Jones brought down the chart that included the Marianas and the Bonins. The navigator stepped off the distance to the Volcano Islands, for there were no southern Bonins as such. We had another 500 miles to go from our present dead reckoning position, more if we were supposed to pass Iwo and go on to Chichi Jima.
“We’ll never get there anyway,” commented Fraz, implying, I hoped, that the torpedoes wouldn’t last that long. We seemed to be finding ships 50 miles off the Marianas right now, so why change on our route north? The navigator laid down the course I wanted, which would leave Pagan Island about that distance abeam. Jones took the chart back to the conning tower, with my orders to steer 345 degrees true. Fraz hit the hay, for he would have to be up at morning twilight to get his stars, and I went forward to the torpedo room. Hank’s men were just completing repairs on the inner door of No. 5 tube. I picked up one of the lead-backed fillings and asked how we happened to have the lead available.
“We’ve got a pack rat aboard,” Hank explained. “It’s from a piece of toilet plumbing that was lying in the officers’ head next to our storerooms at Mare Island.” In a sense it had served its intended purpose such as no lead elbow ever had before. The night was too far gone for formal night orders. On the page for the previous day I copied down the position of our last attack, latitude 15° 50′ north and longitude 144° 21′ east, then turned to the current date and wrote: Stay alert.

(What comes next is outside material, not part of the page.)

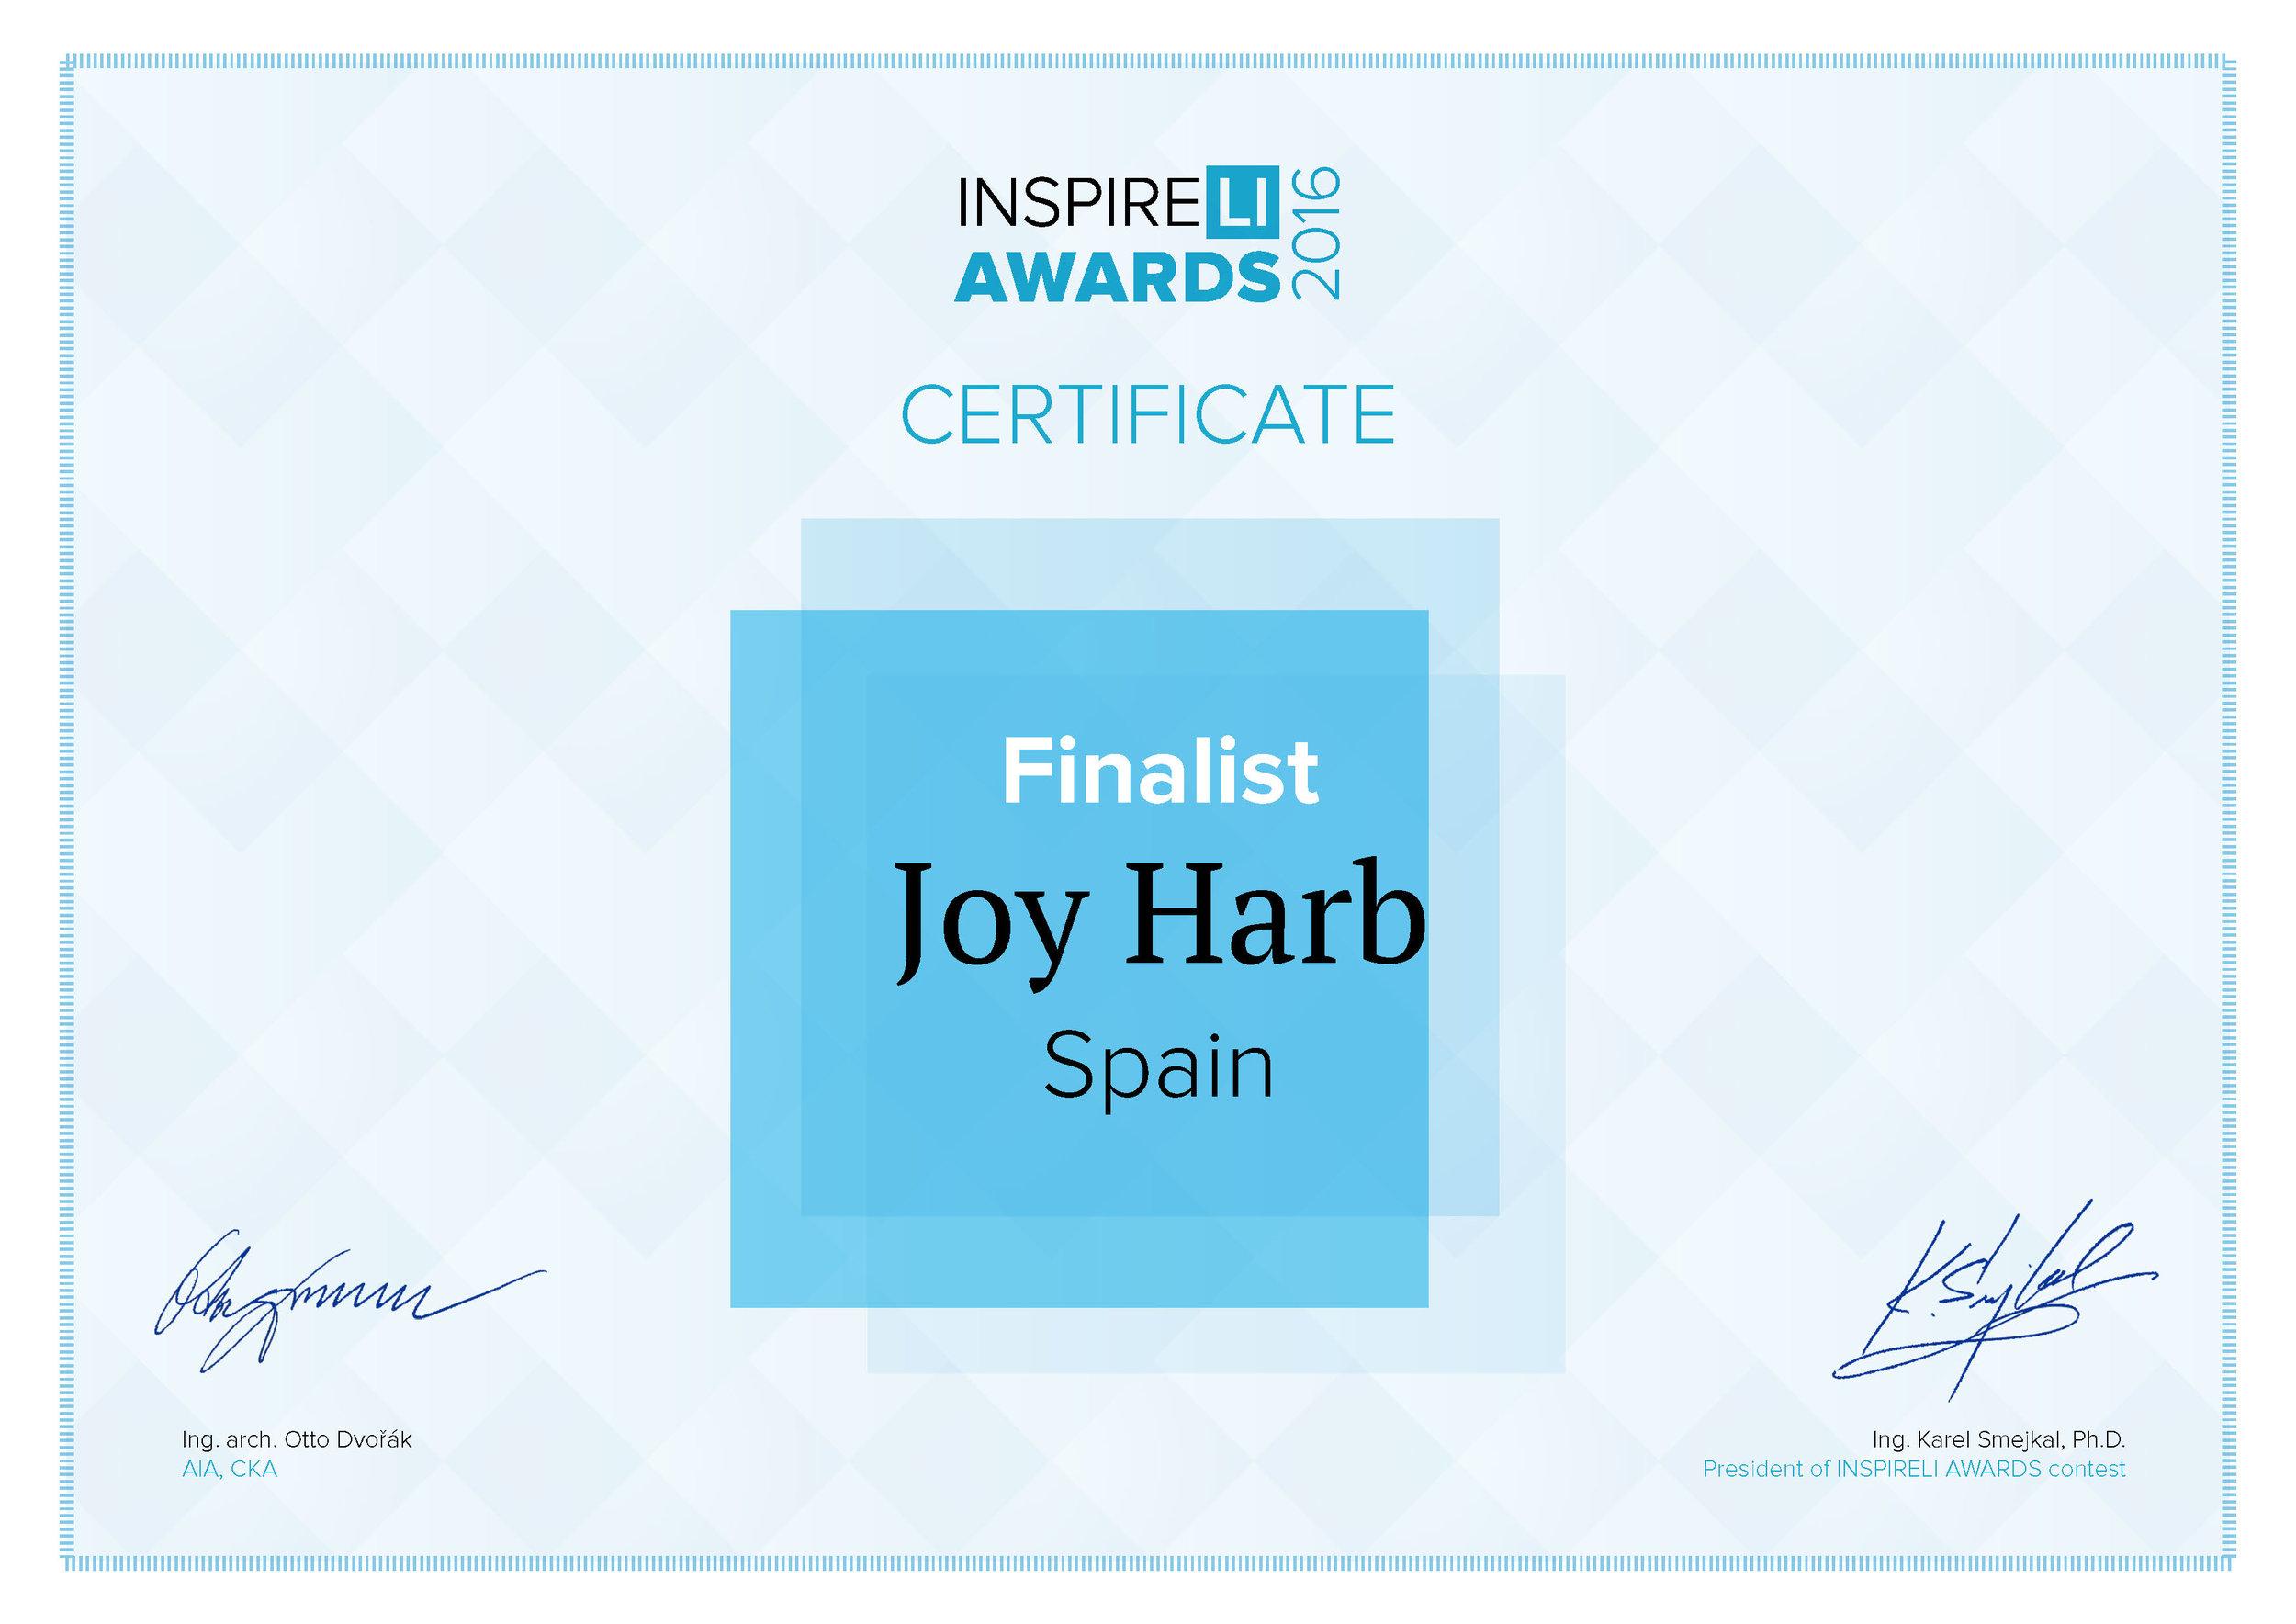 INSPIRELI AWARDS 2016 CERTIFICATE.jpg
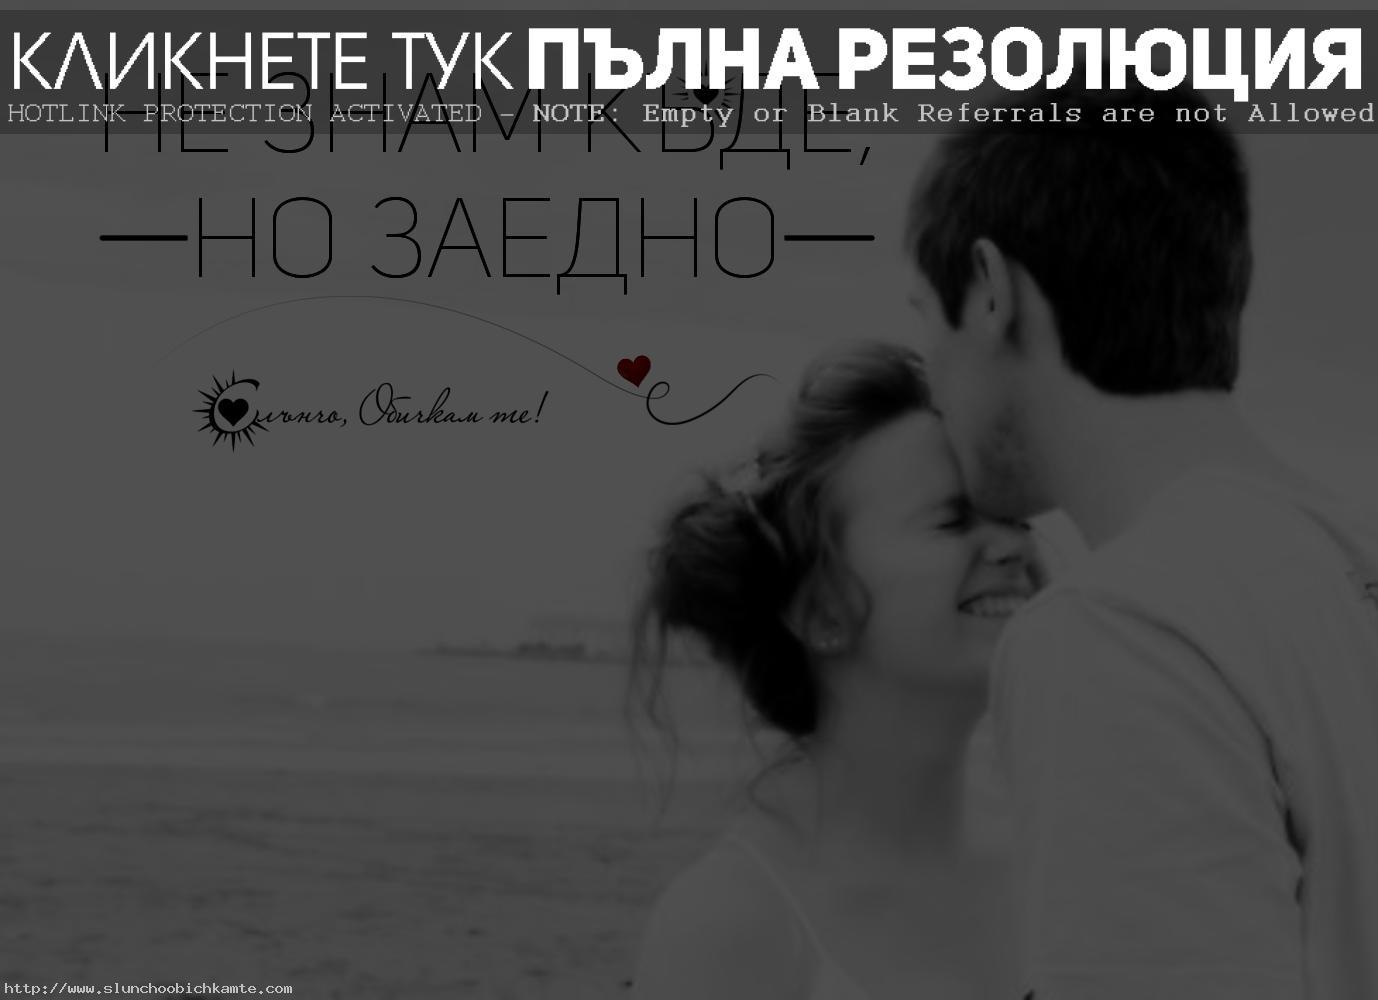 Не знам къде, но заедно. - Обичам те, Любовни мисли, любовни статуси, любовни фрази, любовни цитати, навсякъде отивам с теб, навсякъде с теб, винаги до теб, завинаги, винаги ще те обичам, любов

Dawn came on bright and clear, a good day for planes scouting ahead of shipping. The navigator’s morning star fix showed us abreast of Pagan, so planes from any sector were possible. A sun lookout went topside, and we manned the search periscope; if the J
apanese continued running their ships along this island chain, one place was just as likely as another. If they didn’t, then the war in the Central Pacific would be as good as over. The morning progressed uneventfully, and so did the afternoon except for increasing seas. All hands were slowly calming down, and Tang was resuming a normal patrol routine. It included plenty of sack time and, in view of the last few days, no drills whatsoever. Except for a late morning clampdown of the decks below, any man not on watch could spend his time flaked out with a good book or getting ahead on his shut-eye, and most were doing exactly that. The watch standing was something different. If there had been any laxity in the past, and I had reason to believe that in the case of two or three men there had been, the events of the last ten days had made Christians of them. Not just the respect of their shipmates was involved, but their very own hides.
“Smoke on the starboard bow!” The cry carried on into wardroom country.
“Here we go again!” said Fraz, sliding out from the inboard seats in the wardroom, and another cribbage game I might have won was declared no contest. There were no further puffs of smoke, but since they were first sighted on our bow, the enemy must be heading in a southerly direction. We came right until Tang would be converging slightly on his most probable track.
Though Caverly had torn down our SJ radar time after time on this patrol to replace tubes or capacitors or resistors, this was the first time it had been out when we had a contact. To get the thing into a submarine, it had been squeezed from all sides. Now, though the major units could be removed, replacing a part required considerable dismantling. Stepping over parts spread around the conning tower deck and keeping an eye glued to the search scope at the same time was quite a trick. But we could sympathize with Caverly, who was trying to solder parts between our feet.